── Dataset section ──

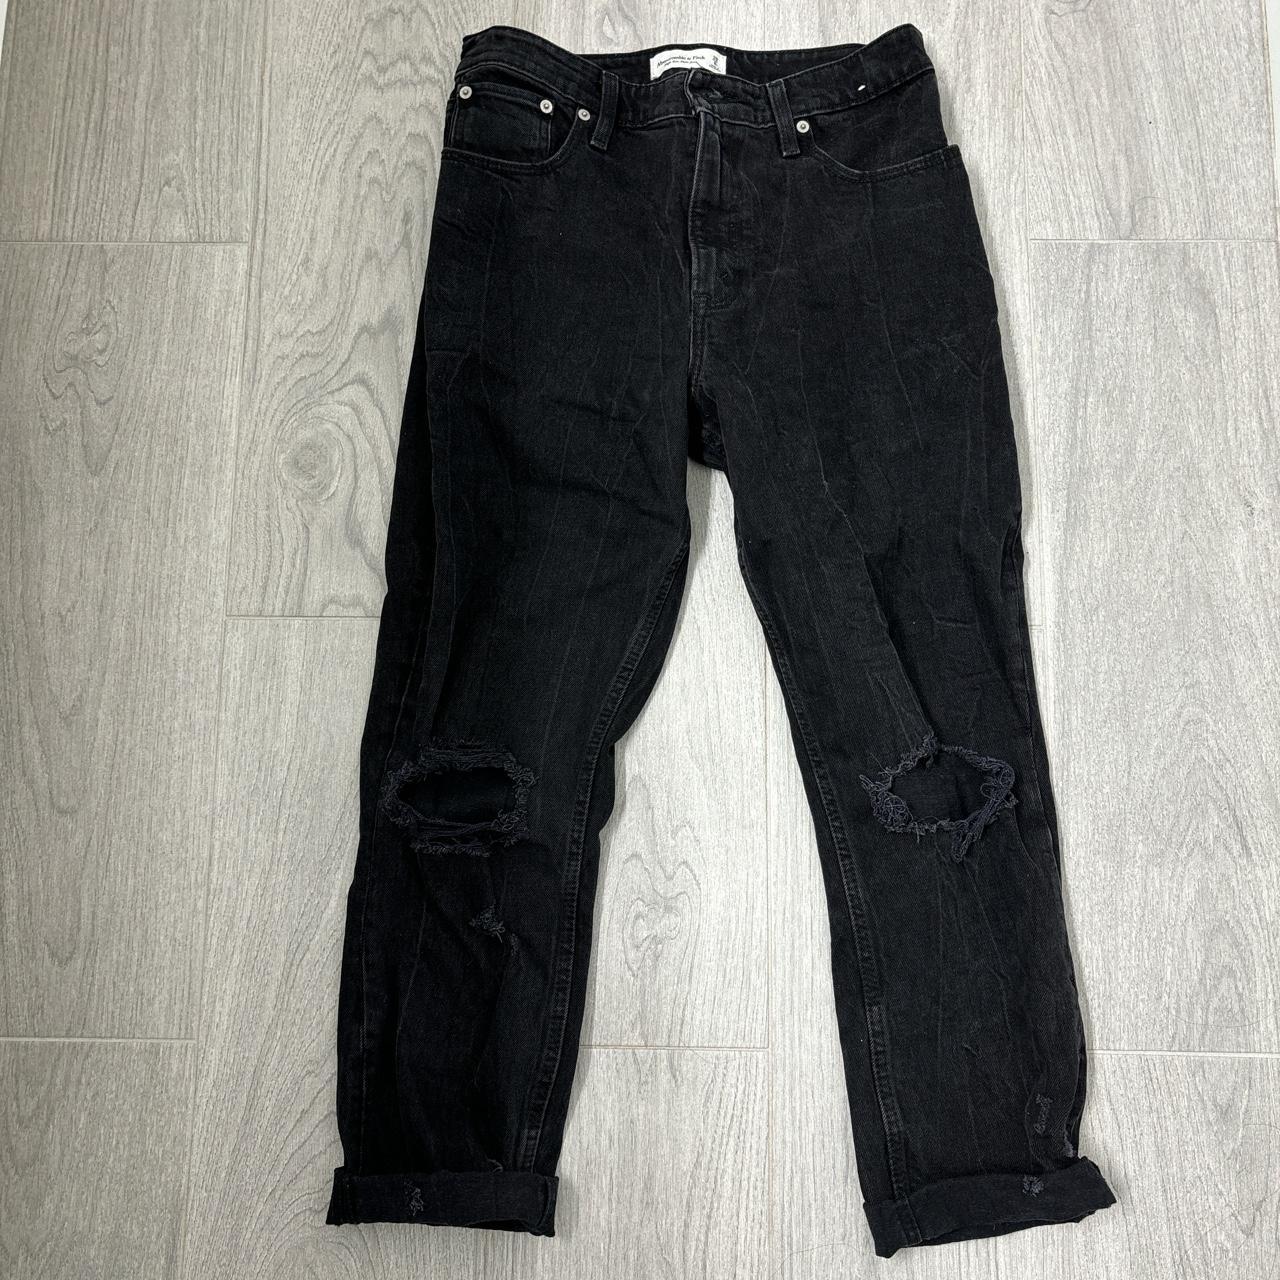 Women's Mom Jeans  Abercrombie & Fitch
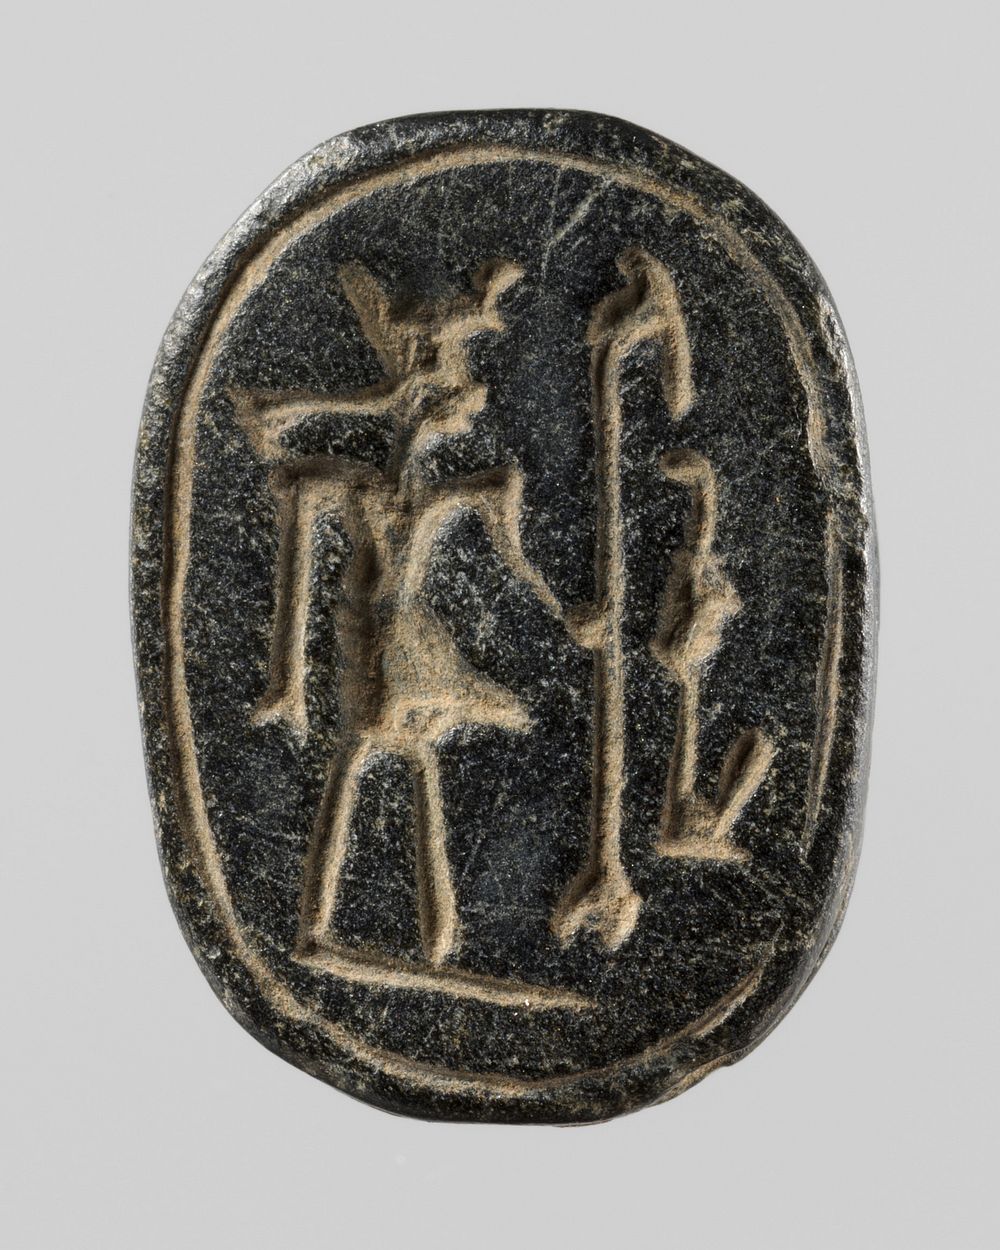 Scarab with Representation of Baal
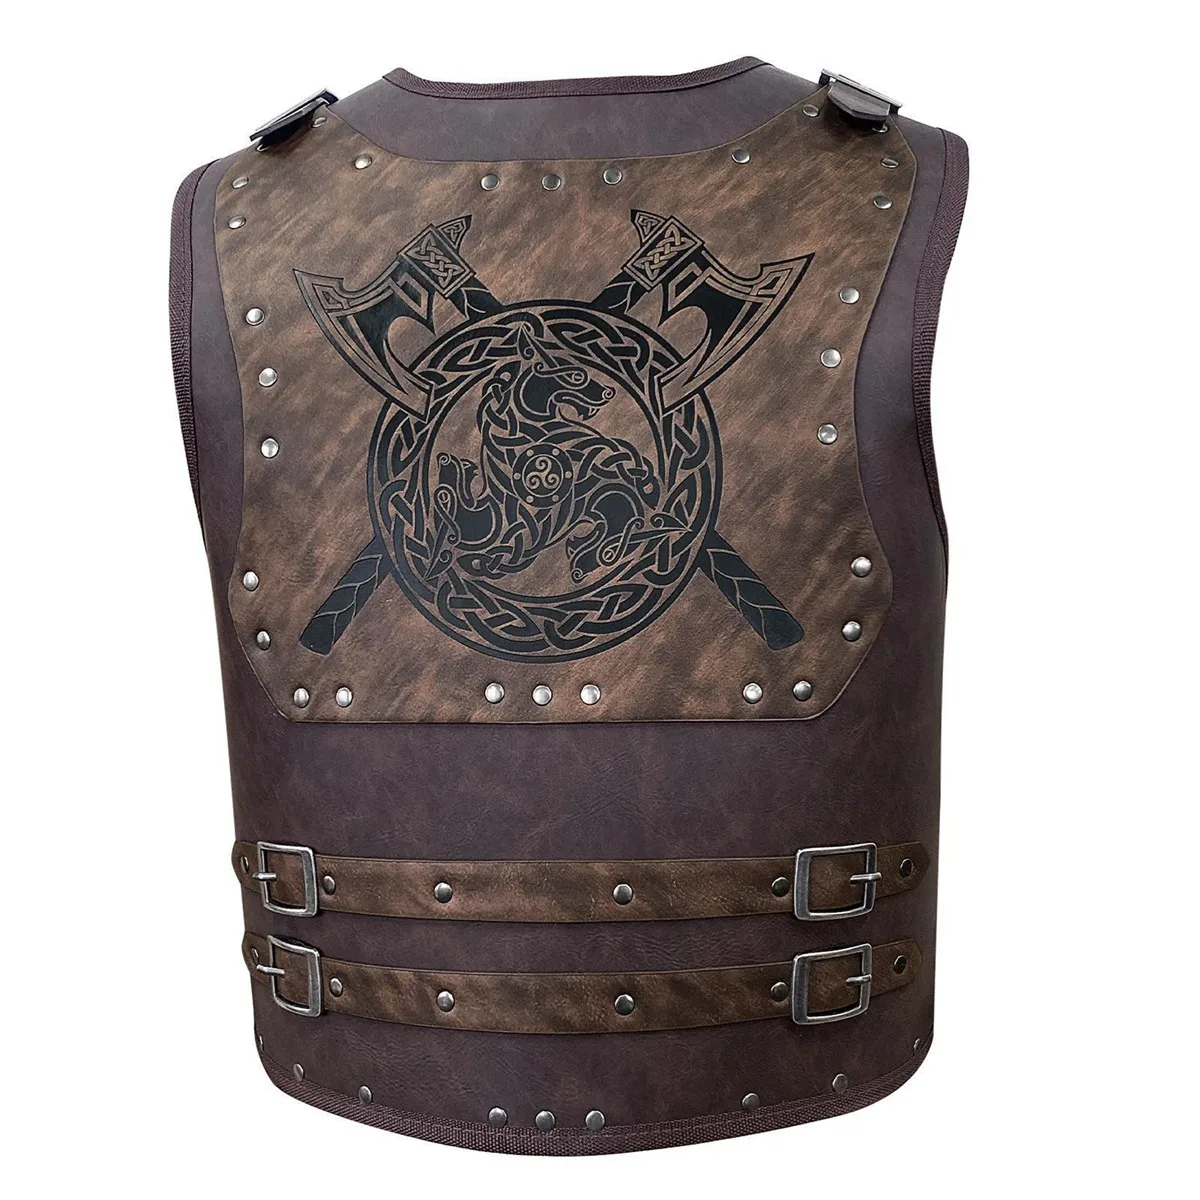 

Warrior PU Leather Chest Armor,Retro Leather Body Armor,for LARP Cosplay Costume Accessories,Ax
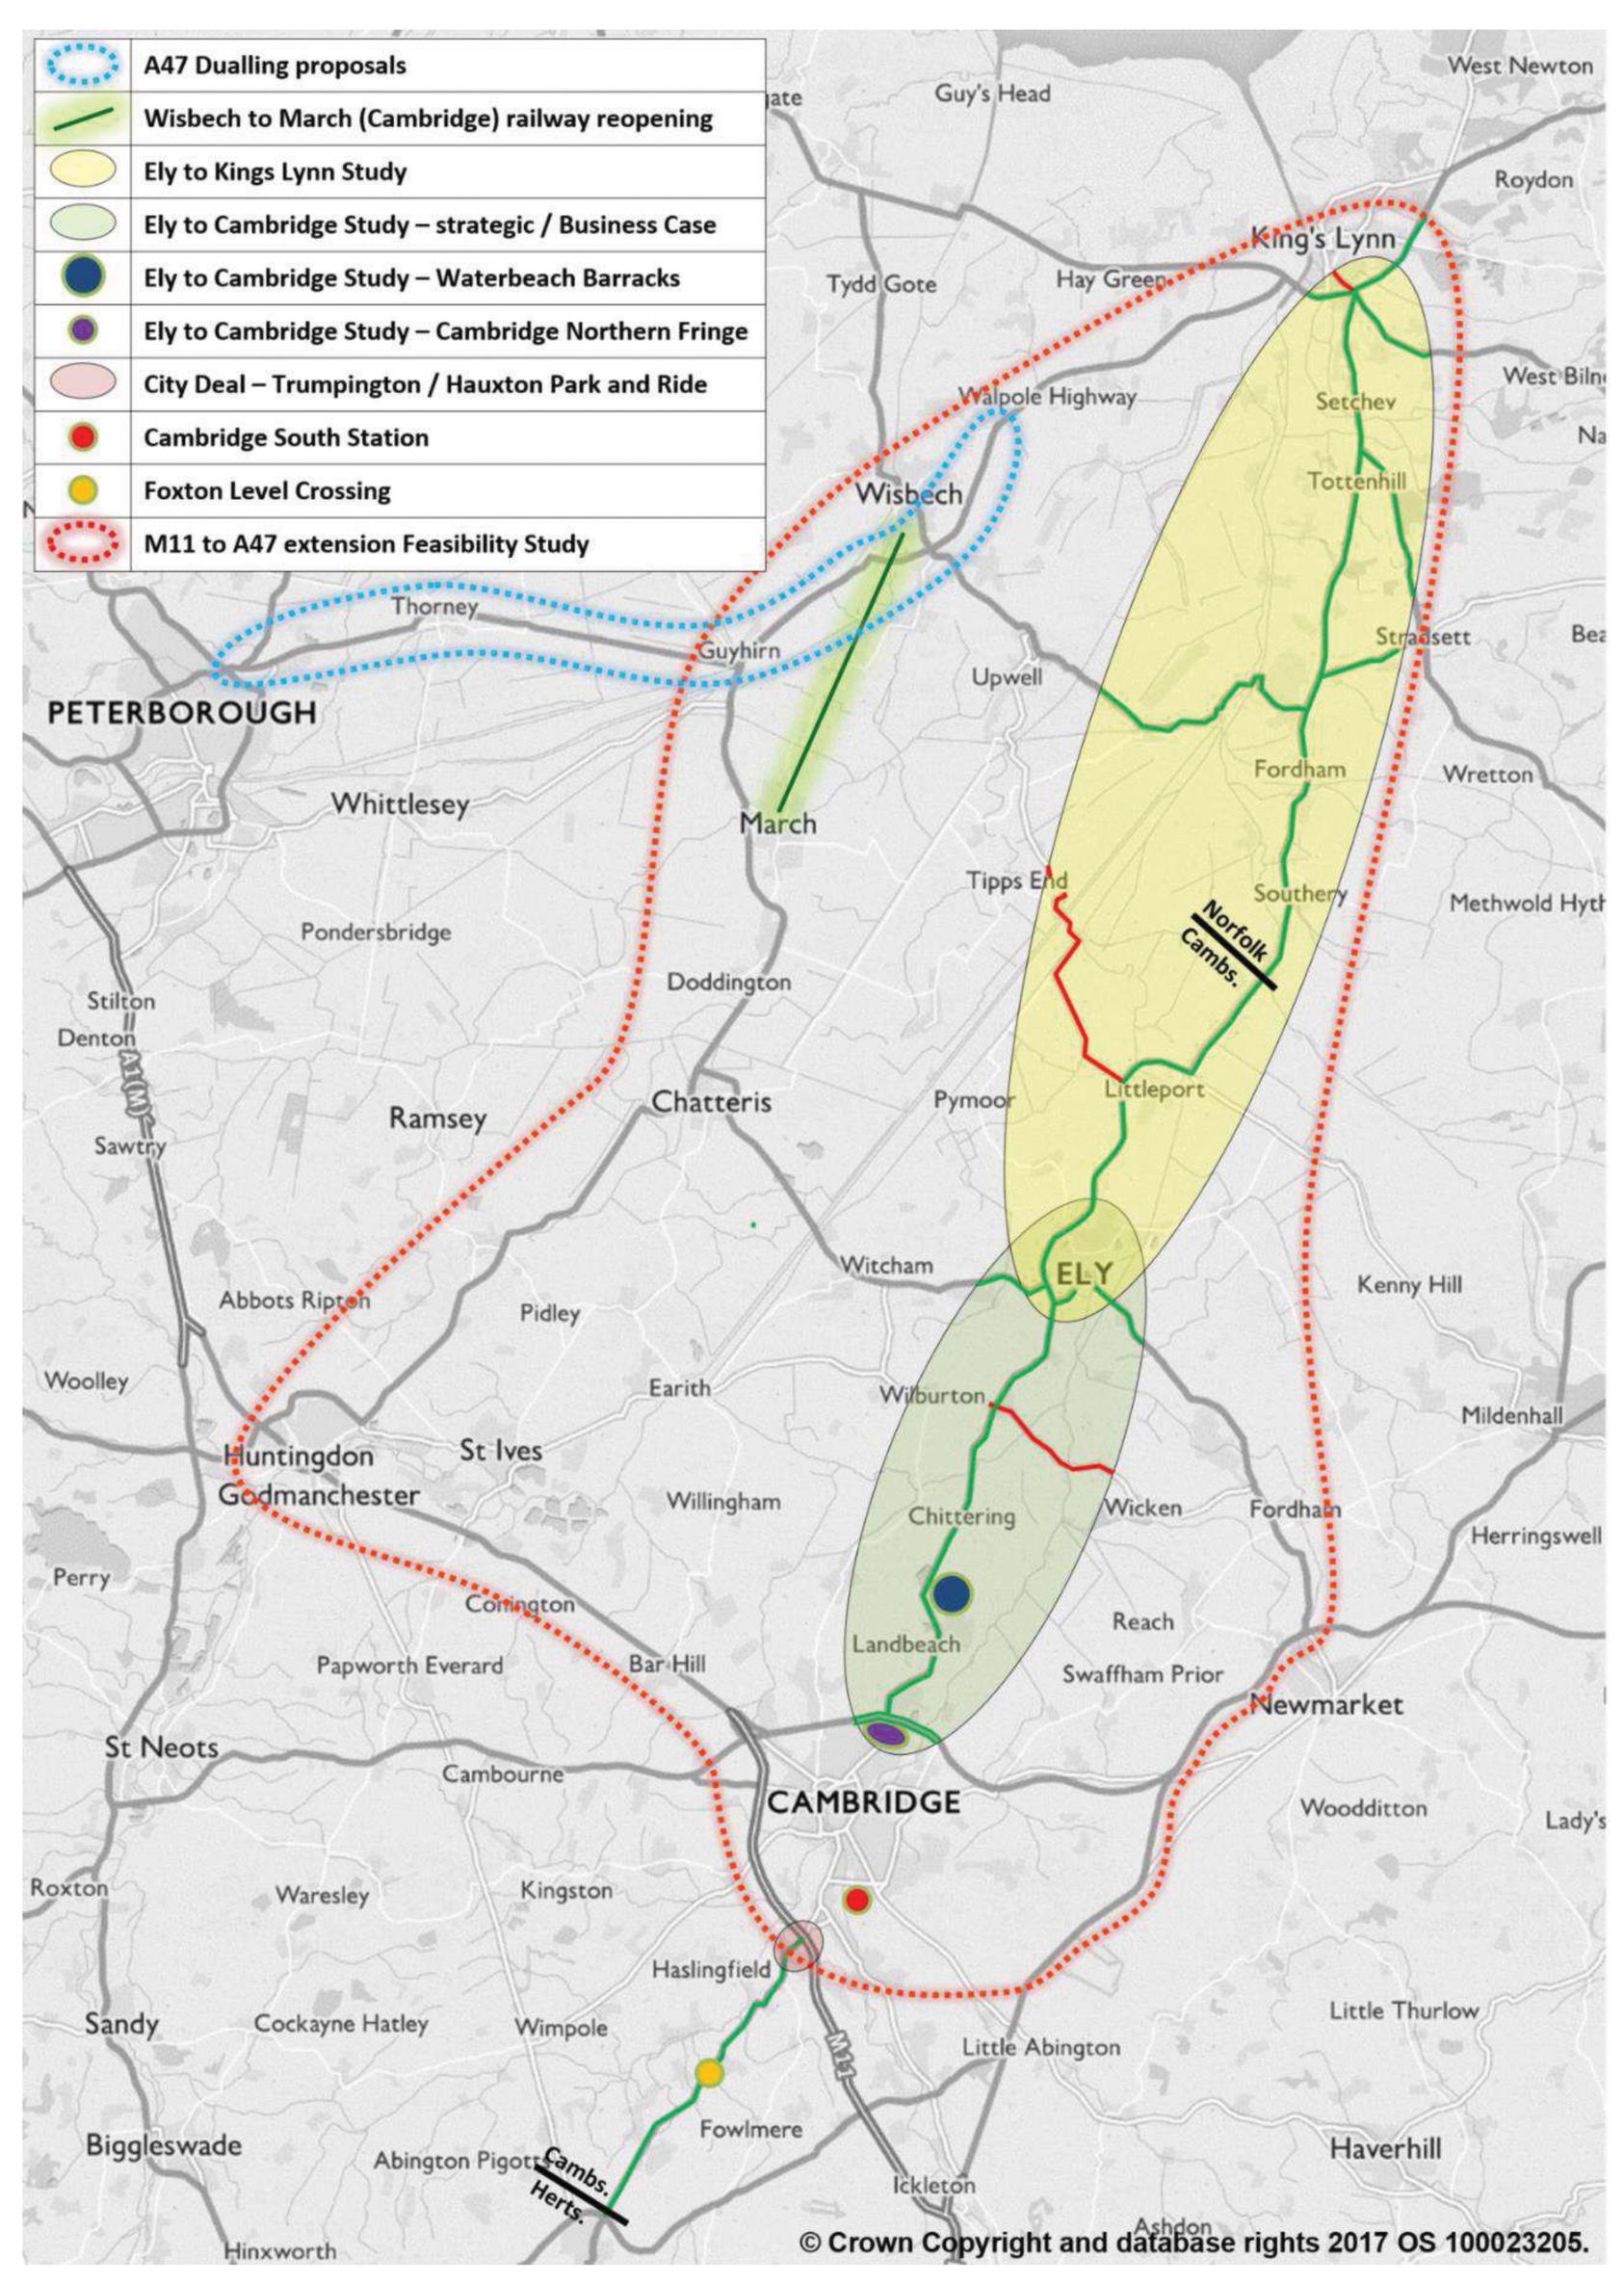 The map shows the various studies in the area

───

◆ **Brief**:
Retype the listing above exactly. Pictures are not part of the copy.

◆ **Task solution**:
 Women's Mom Jeans  Abercrombie & Fitch
 Scarab with Representation of Baal

Warrior PU Leather Chest Armor,Retro Leather Body Armor,for LARP Cosplay Costume Accessories,Ax
 The map shows the various studies in the area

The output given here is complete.